Prof. Brada’s course examines contemporary global health from an interdisciplinary perspective. It proceeds from the assertion that global health, rather than the distribution of health services across the world, is an intersection of social, biological, and geopolitical relationships that the COVID-19 pandemic both reflects and may radically transform. The course delves first into history, identifying the main actors, institutions, practices, and forms of knowledge that have defined global health over the course of the late nineteenth and twentieth centuries. Turning to anthropological perspectives, students will examine the social, political, and economic factors that shape patterns of suffering and disease across societies as well as the efforts taken to ameliorate them, placing present-day developments in historical perspective.

There are unexpected consequences of global health programs for patients and professionals alike, and the course will examine these, as well as the limits of global health with regard to noncommunicable diseases and ecological concerns that fall outside global health’s enduring focus on infectious disease. Throughout the course COVID-19 will remain squarely in students' sights. Key topics include the management of epidemic diseases; tensions between clinical research and access to treatment; the rise of transnational humanitarianism; and the intersection of zoonotic diseases and climate change.

Prof. Brada is a cultural anthropologist who specializes in health and medicine in southern Africa. She teaches and researches on topics in medical anthropology, the anthropology of pedagogy and expertise, and the ethnography and history of Africa, all drawing from her extensive field work in the region. 

Readings include:

  • Crane, Johanna (2013) Scrambling for Africa: AIDS, Expertise, and the Rise of American Global Health Science.
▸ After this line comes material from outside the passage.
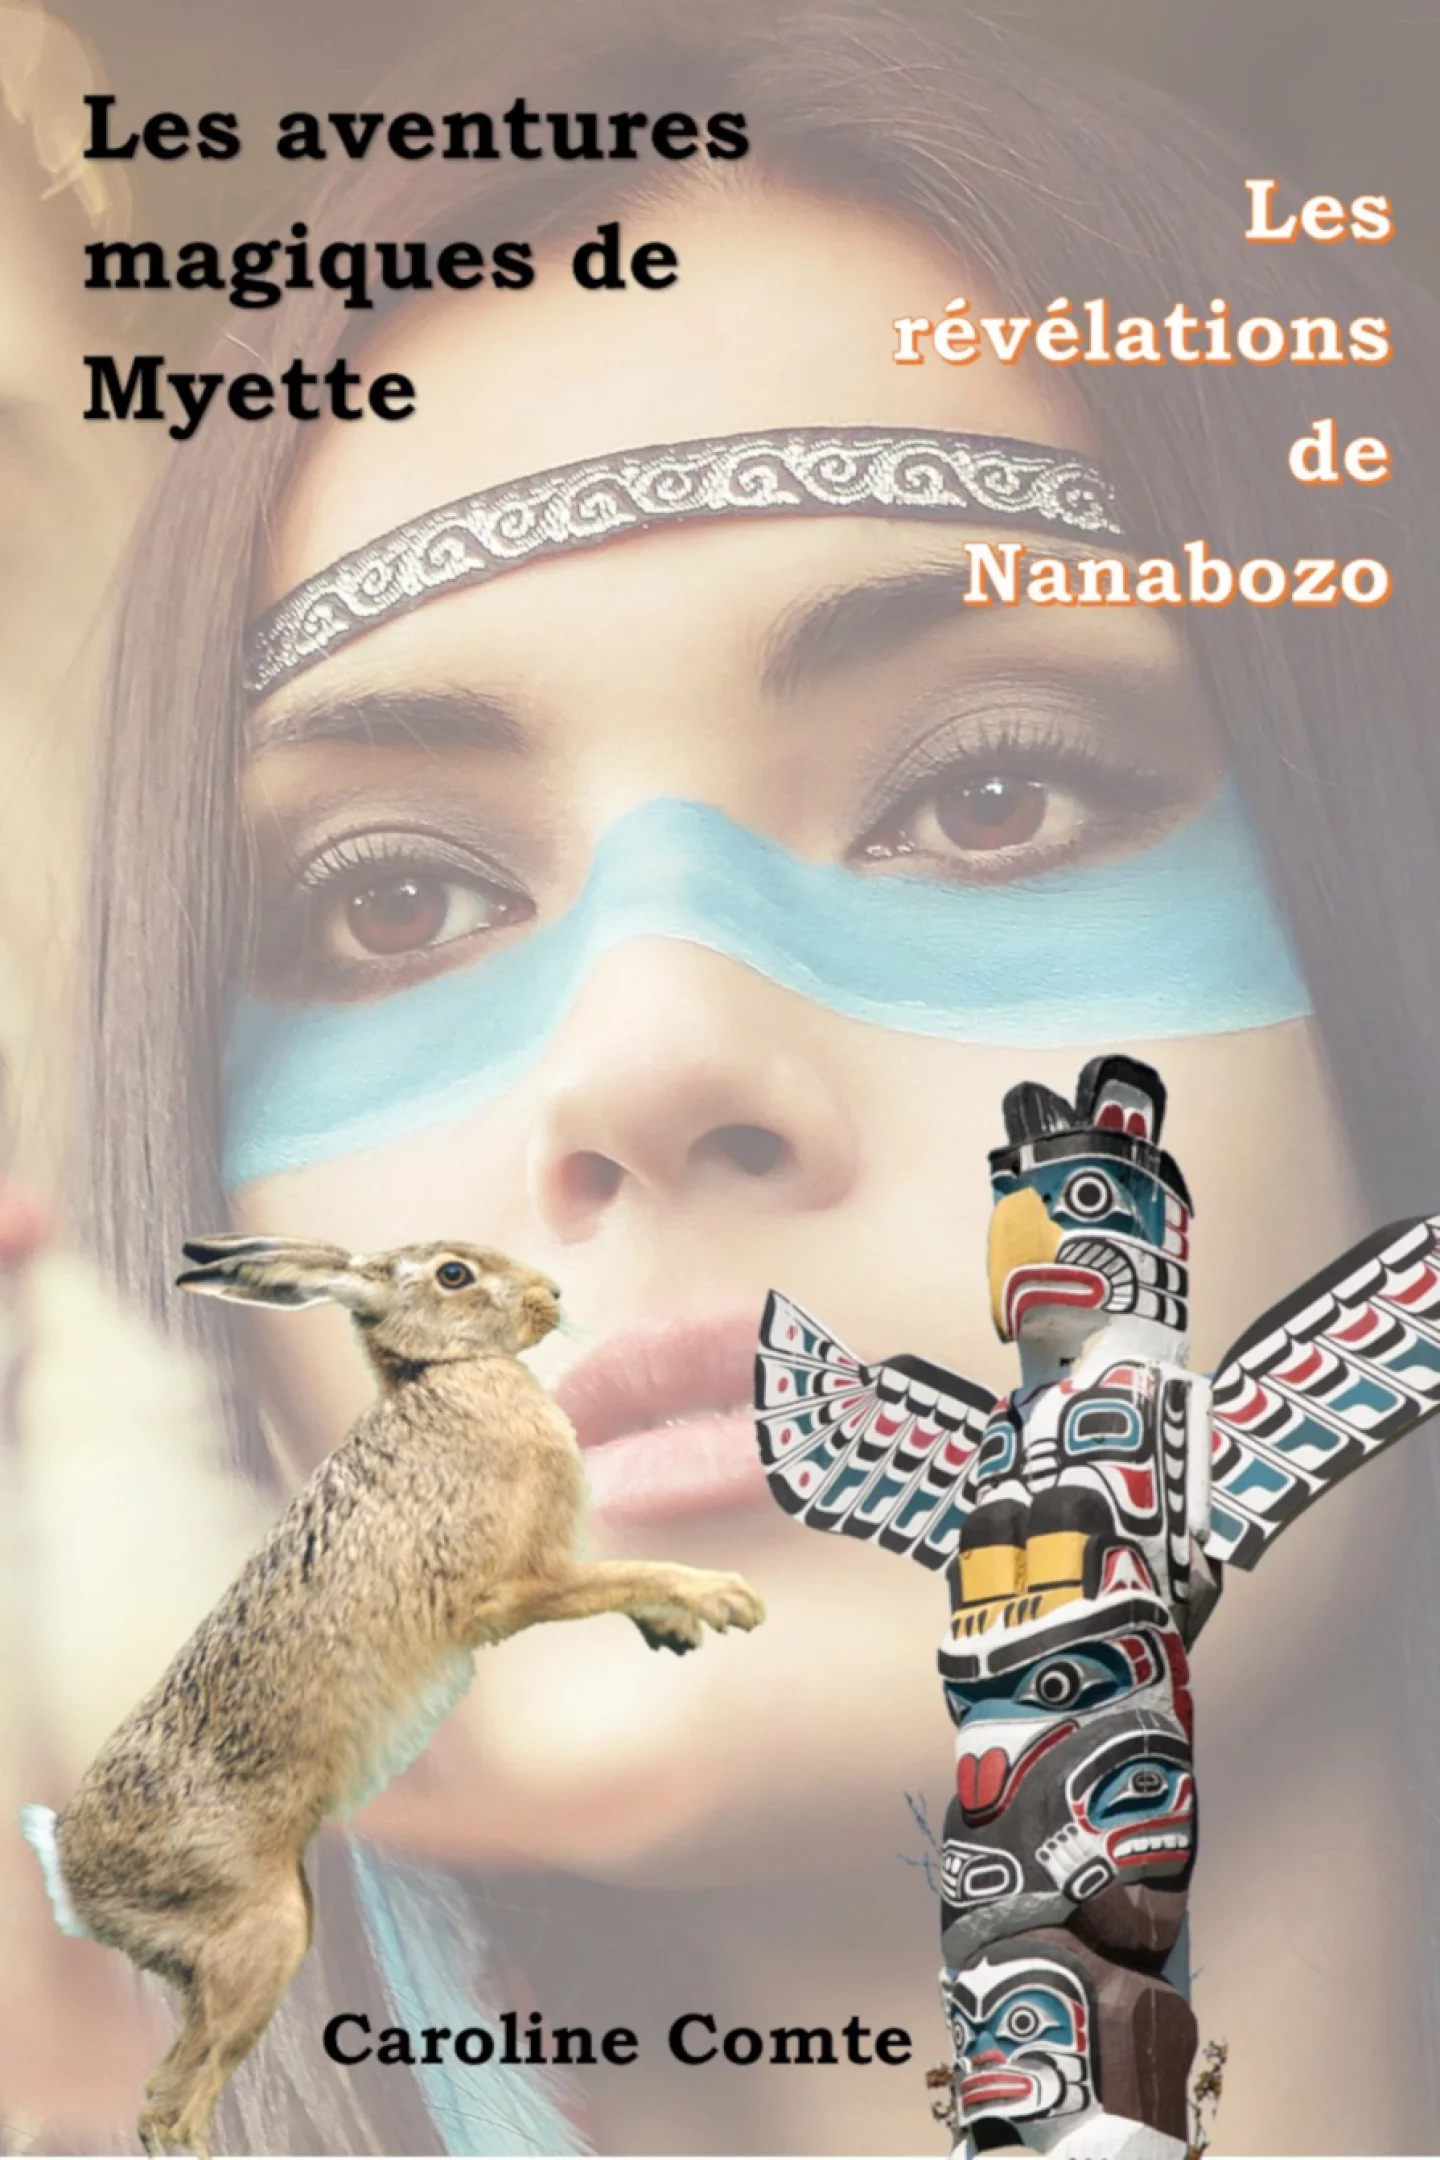 Les révélations de Nanabozo Les aventures magiques de Myette tome 3 de Caroline Comte

Ithaca, NY: Cornell University Press. 
  • Keck, Frédéric (2020) Avian Reservoirs: Virus Hunters and Birdwatchers in Chinese Sentinel Posts. Durham, NC: Duke University Press.
  • Packard, Randall (2016) A History of Global Health: Interventions into the Lives of Other Peoples. Johns Hopkins University Press. 
  • Renne, Elisha (2010) The Politics of Polio in Northern Nigeria. Bloomington, IN: Indiana University Press.